When you say delay the drops, do you mean that the threshold for dropping events is larger? So if I made my page size 256, would that make it far less likely to receive dropped events all together? What would a suggested page size be? I initially thought 16 seemed like plenty, but I haven't found any research to support this. Will I always lose some events? Because that is the behavior I am witnessing right now. It seems like I always eventually start to lose events. Some of this might be due to a feedback loop where my BPF program that monitors file opens collects events triggered by my user space program. I was thinking about using a BPF map that is written by my user space program containing its PID and having all my BPF programs read that map and not write any corresponding events with matching PIDs. Any advice or thoughts on this would be appreciated!

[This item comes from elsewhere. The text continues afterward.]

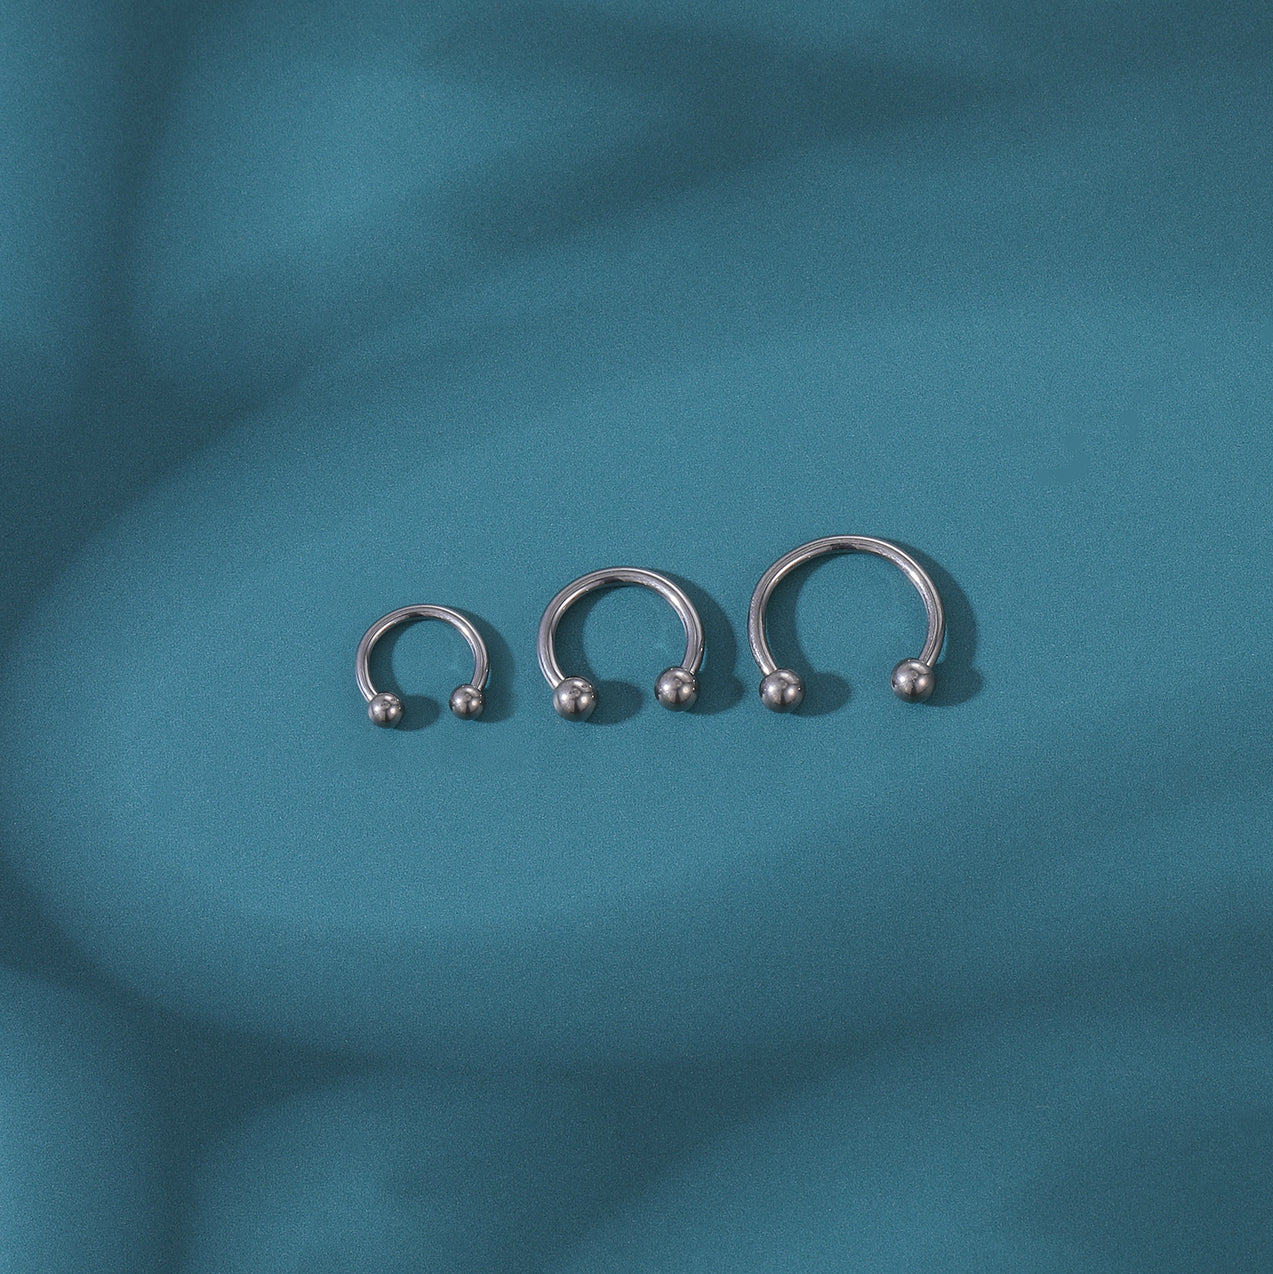 16g-g23-titanium-nose-septum-ring-horse-shoe-conch-helix-cartilage-piercing

It's hard to give you any definitive answer, it all depends. But think
about this. Perf buffer is a queue. Let's say that your per-CPU buffer
size is 1MB, each of your samples is say 1KB. What does that mean? It
means that at any given time you can't have at most 1024 samples
enqueued. So, if your BPF program in the kernel generates those 1024
samples faster than the user-space side consumes them, then you'll
have drops. So you have many ways to reduce drops:

1. Generate events at the lower rate. E.g., add sampling, filter
unuseful events, etc. This will give user-space side time to consume.
2. Speed up user-space. Many things can influence this. You can do
less work per item. You can ensure you start reacting to items sooner
by increasing priority of your consumer thread and/or pin it to a
dedicated CPU, etc.
3. Reduce the size of the event. If you can reduce sample size from
1KB to 512B by more effective data encoding or dropping unnecessary
data, you suddenly will be able to produce up to 2048 events before
running out of space. That will give your user-space more time to
consume data.
4. Increase per-CPU buffer size. Going from 1MB to 2MB will have the
same effect as reducing sample size from 1KB to 512B, again,
increasing the capacity of your buffer and thus giving more time to
consumer data.

Hope that makes sense and helps showing that I can't answer your
questions, you'll need to do analysis on your own based on your
specific implementation and problem domain.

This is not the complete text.